Эрнст Вальфрид (Ernst, Walfried)
Интервью, перевод, обработка и комментарии – Владимир Кузнецов
– Меня зовут Вальфрид Эрнст. Родился я 13 марта 1927 года в Берлине-Шпандау.
Родители познакомились по переписке. Отец, Бернгард Эрнст, родом из Гамельна – большинство родственников до сих пор проживает в треугольнике Гамельн – Брауншвейг – Ганновер, в Первую мировую войну служил в Киле подводником. В те времена девушки писали незнакомым солдатам на фронт. Так завязался роман в письмах, и в результате отец в 1918 году приехал в свой первый отпуск не в Гамельн, а к матери. После войны родители отпраздновали помолвку и в 1925 году поженились. Потом и я появился на свет. Других детей у них не было.
Моя мать родом из Шпандау – в годы ее юности еще самостоятельный город, не имевший отношения к Берлину. Даже превратившись в административный район столицы, он остался, по выражению Эрнста Ройтера (первый послевоенный бургомистр Западного Берлина. – В.К.), автономной «республикой Шпандау». Мой дед с материнской стороны, сапожник по профессии, переселился сюда из Померании: в Шпандау, гарнизонном городе, сапожники требовались всегда. Здесь он встретил будущую жену, уроженку Силезии. Она трудилась на оборонных предприятиях швеей, шила патронные сумки.
Отец, по профессии торговый служащий, первоначально смог найти лишь место упаковщика на мебельном предприятии. Работа его не устраивала, и он, всю жизнь любивший животных, решил заняться разведением птицы. На дальней окраине Шпандау, в Хакенфельде (Hakenfelde), сразу за нашим участком простирались пшеничные поля, они с матерью заложили небольшую птицеводческую ферму. Позднее родители сдали экзамен на аттестат Мастера птицеводства (Gefluegelzuchtmeister). Работы в хозяйстве было много, доход невелик. Дела пошли несколько лучше, когда отцу удалось заключить долговременный контракт с Институтом Роберта Коха на поставку больших партий яиц для научных целей.
Тем временем я поступил в 1933 году в первый класс Народной школы (Volksschule), где мне предстояло пробыть до окончания 8-го класса в 1941 году.
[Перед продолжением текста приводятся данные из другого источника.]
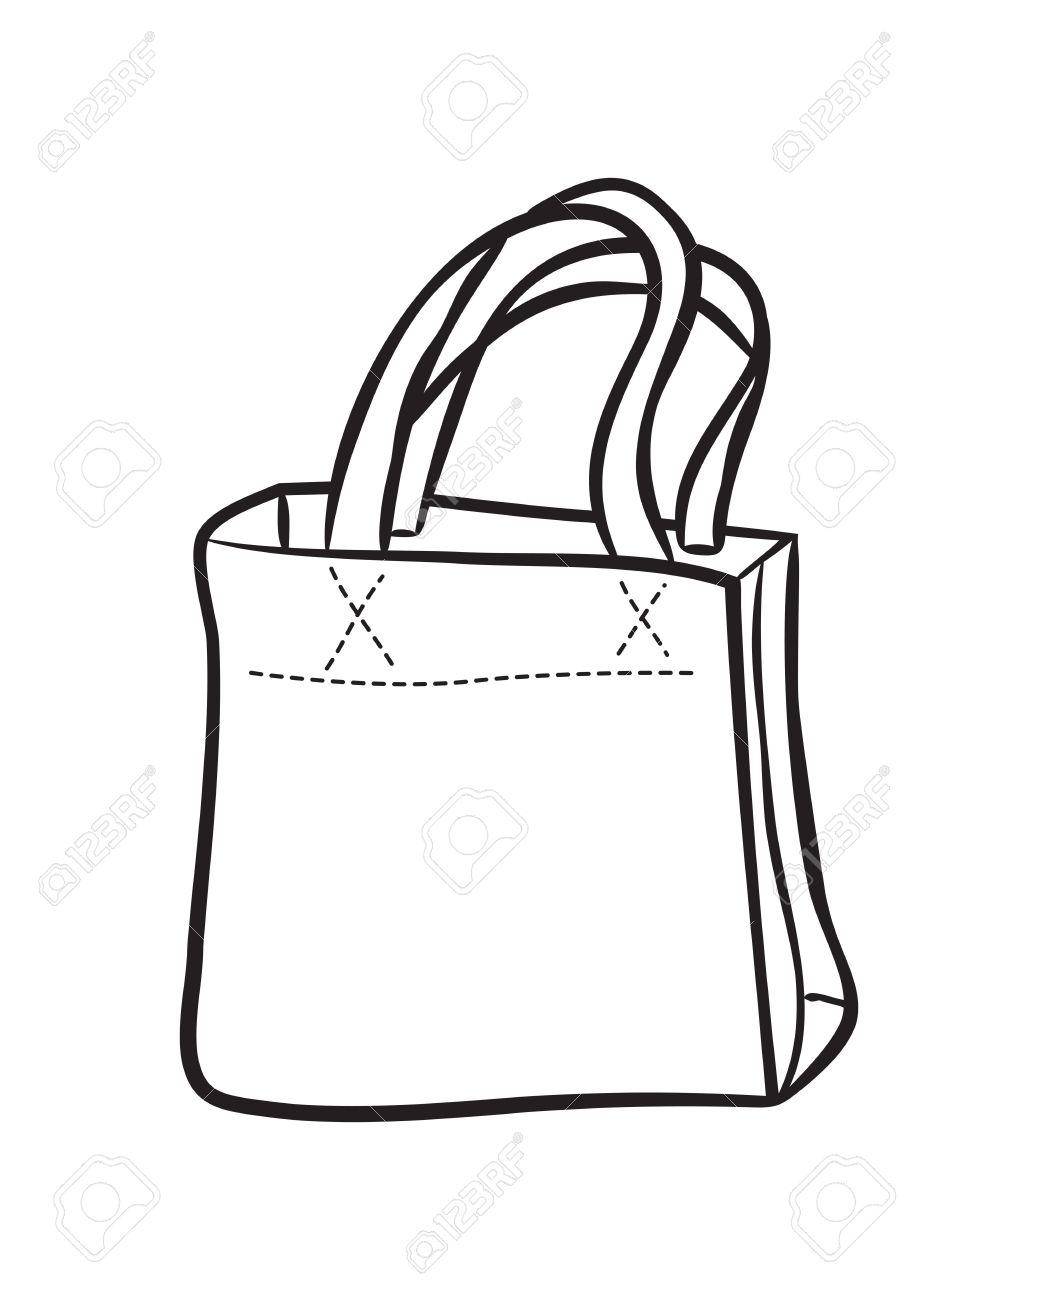 Shopping Bag Drawing At Getdrawings

Денег на плату за обучение в школе высшей ступени (реальная школа, гимназия – переход осуществлялся после четвертого класса. – В.К.) у родителей не было: прибыли от хозяйства едва хватало на жизнь.
В 1937 году, десятилетним, я захотел вступить в Юнгфольк (Deutsches Jungvolk, «Немецкая молодежь» – первичная юношеская огранизация, что-то вроде пионеров, объединяла детей до 14 лет. – В.К.). Мать была против. С 1916 года активистка рабочего движения и член социал-демократической партии, она, как открылось позже, не порывала с ней и после запрета. Я еще в детстве удивлялся появлению в доме к определенным датам незнакомых мне людей, никогда не уходивших с пустыми руками – кто получал курицу, кто – дюжину яиц. После войны я как-то спросил у матери, откуда у нее столько знакомых в новой администрации Берлина. «Ты их также всех знаешь, – ответила мать, – это те самые, что приходили к нам за курами». Оказывается, она все это время продолжала платить «натурой» взносы в партийную кассу.
Отец против моего членства в Юнгфольке возражений не имел: ну что худого в том, что парень будет со сверстниками? Сколько его помню, он всегда был большим либералом – живи и жить давай другим. Для меня же Юнгфольк был «Dufte»! (вышедший из употребления берлинский сленг, буквально «запахи, ароматы», в переносном смысле – нечто сверхпрекрасное. – В.К.). Во-первых, ты сразу получал форму: зимой – куртку и брюки, летом коричневую рубашку и короткие штаны, галстук. Самой замечательной частью формы был ремень с надписью «Blut und Ehre» («Кровь и честь») на пряжке. Рядовой член Юнгфолька назывался «пимф» (Pimf). Им ты не становился автоматически – сначала необходимо было пройти испытания, некоторые из них, например, десятикилометровая пробежка с пятикилограммовой выкладкой – ранец, фляга, спальный и вещевой мешки, плащ-палатка – были нелегкими. Нам пришлось бежать от Шпандау до суда первой инстанции в Шарлоттенбурге (район Берлина, в свое время центр Западного Берлина. – В.К.) и обратно, иные из друзей совершенно выдохлись. Зато как мы гордились, выдержав эту так называемую «пробу пимфа» (Pimfprobe)! В награду нам выдали ножи с надписью «Blut und Ehre» (так называемый HJ-Fahrtenmesser – «походный нож Гитлерюгенда» – декоративное оружие, формой напоминавшее штык; заточив клинок, вполне можно использовать в качестве боевого ножа. – В.К.), они крепились на ремне. Мы также получили право носить погоны и значок Юнгфолька.